Un esprit sans cesse en ébullition

Très étrangement, surtout si l’on songe à son engagement en faveur de Cesare Battisti, enfant du gauchisme des années de plomb, Fred Vargas n’est pas très sensible aux Série noire politiques de Jean- Patrick Manchette. Elle balaie la tentation du polar engagé d’une magnifique citation de Stendhal :  » La politique est une pierre attachée au cou de la littérature « .

Vargas préfère donc l’action concrète. Elle défend inlassablement la cause de Battisti, cet auteur de polar jugé par contumace pour assassinats en Italie et récemment arrêté au Brésil, rameutant les soutiens, sensibilisant les politiques, publiant même un livre sur l’affaire. Une cause plutôt impopulaire, qui agace beaucoup autour d’elle mais lui gagne aussi l’amitié indéfectible de François Bayrou et de BHL. Ce qui donne, traduit en langue  » vargassienne  » :  » François et  » Béache  » sont deux mecs vraiment  » impliables « .  »

Ces derniers mois, l’ancienne épidémiologiste de la peste s’est lancée dans une nouvelle et déroutante croisade : la conception d’une cape en plastique destinée à lutter contre le virus de la grippe aviaire. Après étude serrée de la propagation des gouttelettes infectées et croquis divers, elle a présenté son projet à Xavier Bertrand, alors ministre de la Santé. La  » cape Vargas  » est actuellement testée dans les laboratoires de la République.  » Cette épidémie l’obsède, sourit un proche. Il y a quelques mois, elle a envoyé à ses amis une lettre circulaire recommandant de faire des réserves d’eau et de conserves. J’en ai stocké dans ma cave, à tout hasard…  »
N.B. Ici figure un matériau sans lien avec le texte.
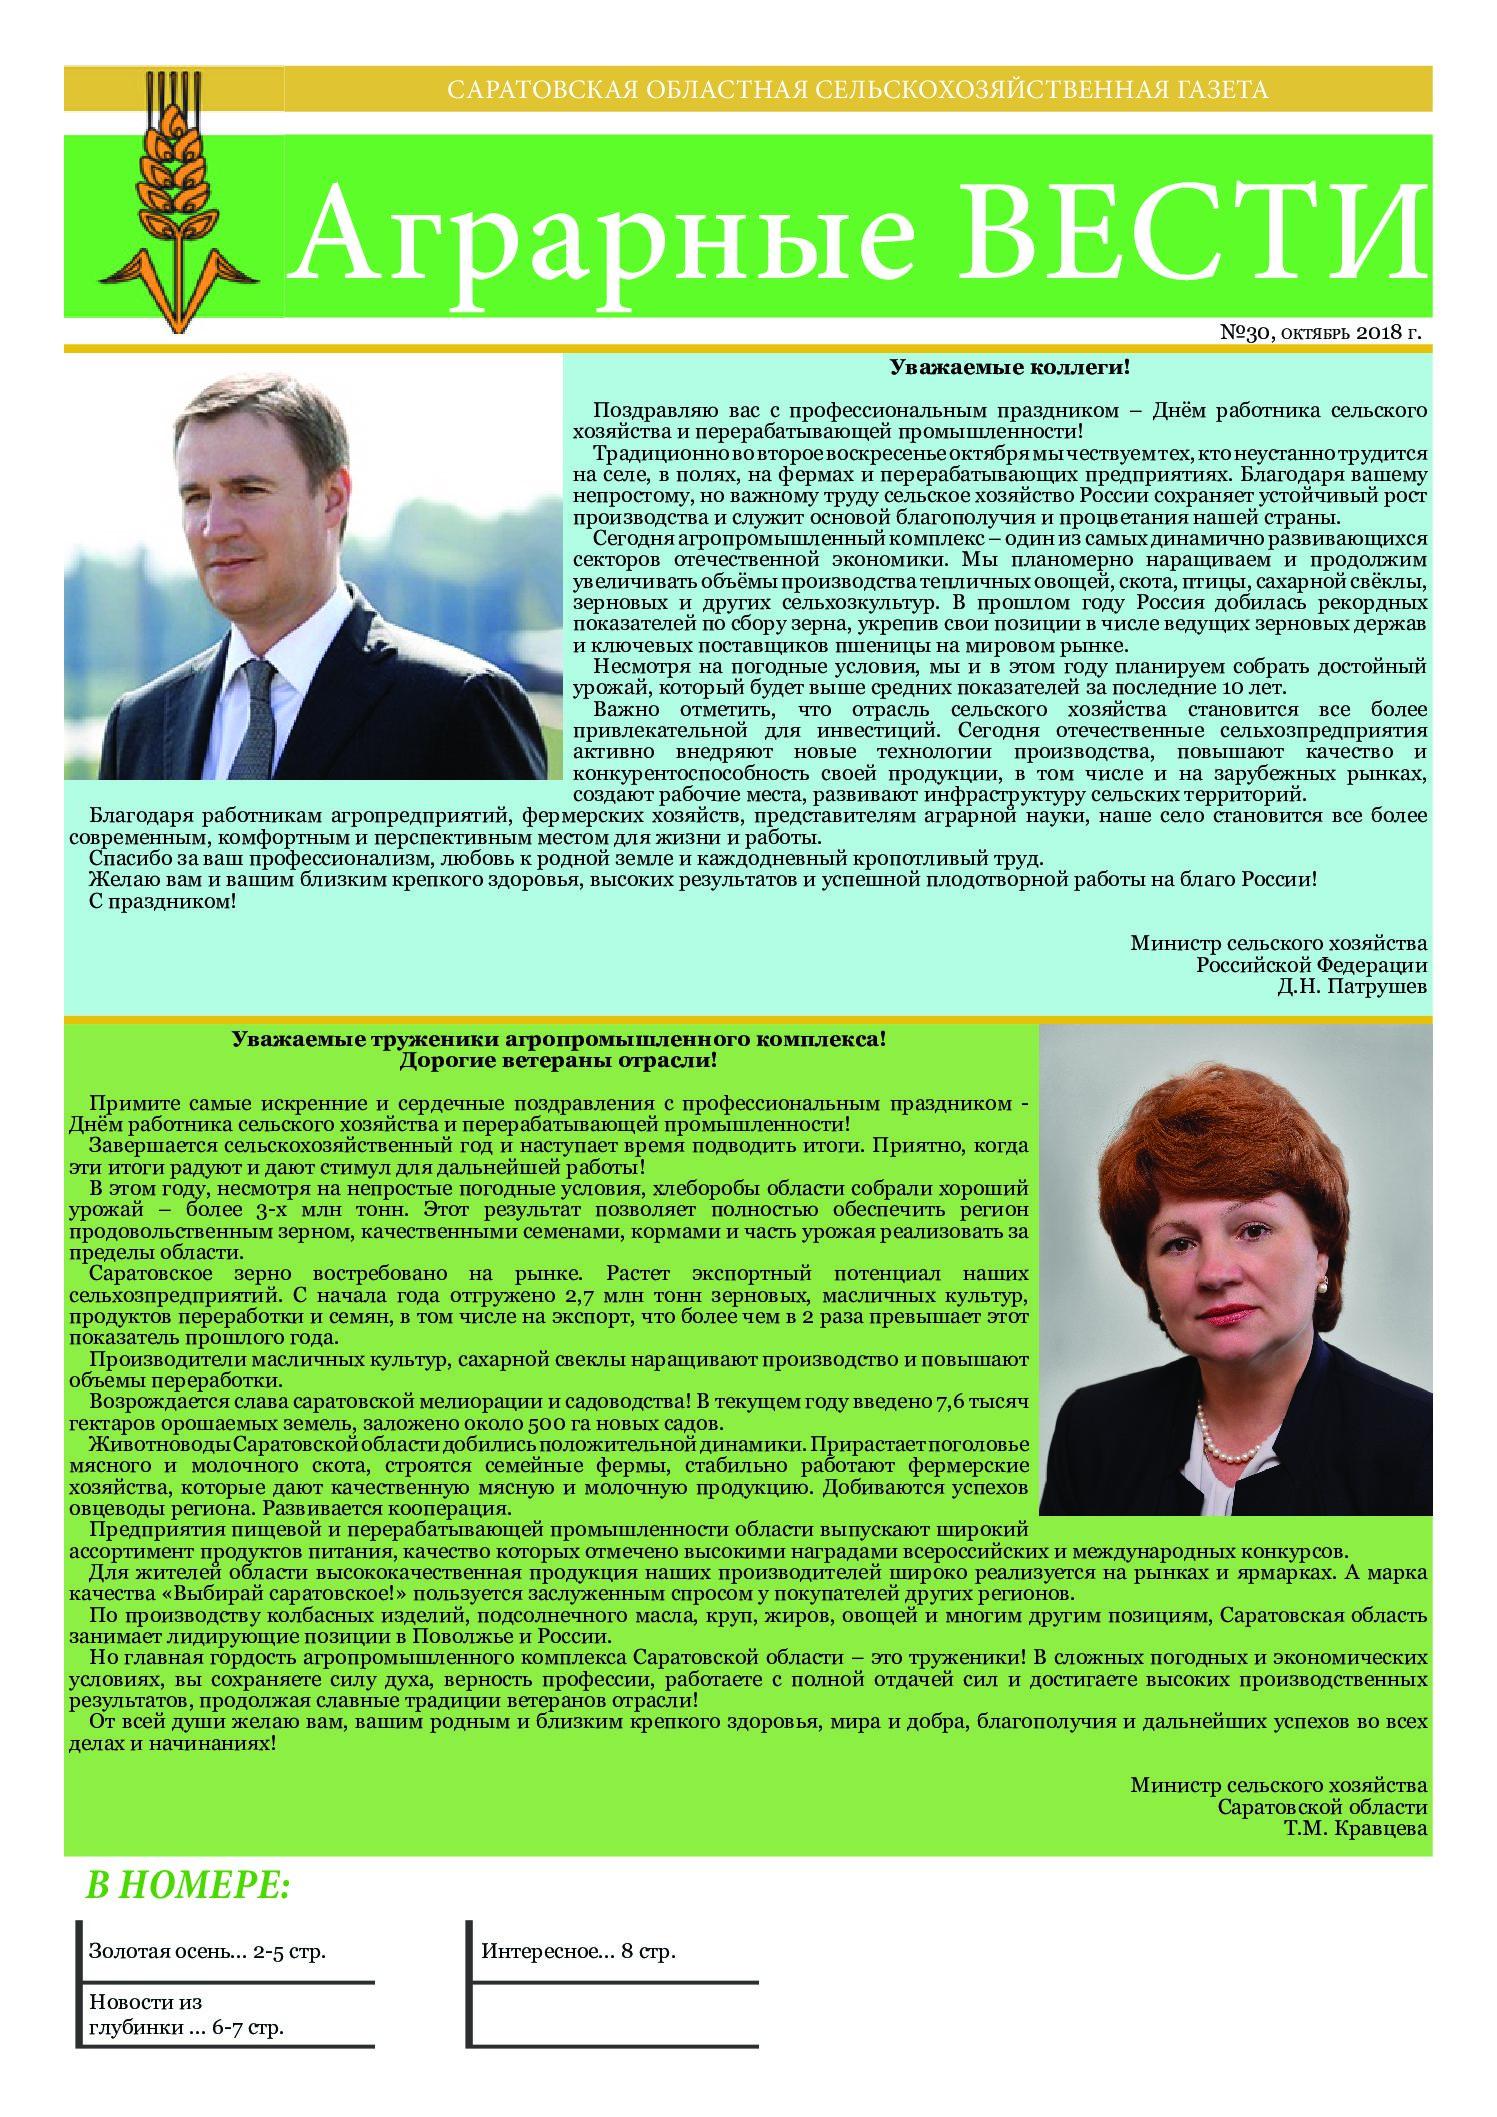 https://saratovagro.ru/wp-content/uploads/2020/08/9.2018-pdf.jpg

Ainsi va Fred Vargas, l’esprit sans cesse en ébullition. Entre deux bouffées de cigarette, penchée au-dessus de la table du petit café de Montparnasse, elle soupire :  » En fait, j’ai beaucoup de mal à me défaire de mon côté intello. Le seul moyen que j’ai trouvé jusqu’à présent, c’est de me mettre dans la peau d’Adamsberg. Ces temps-ci, je suis dans la phase de cogitation. Il y a deux ou trois idées qui me trottent dans la tête. J’espère m’y mettre pour de bon cet été. Au fond, écrire me repose de moi-même.  »

(*)  » Dictionnaire du roman policier « , Fayard, 2005.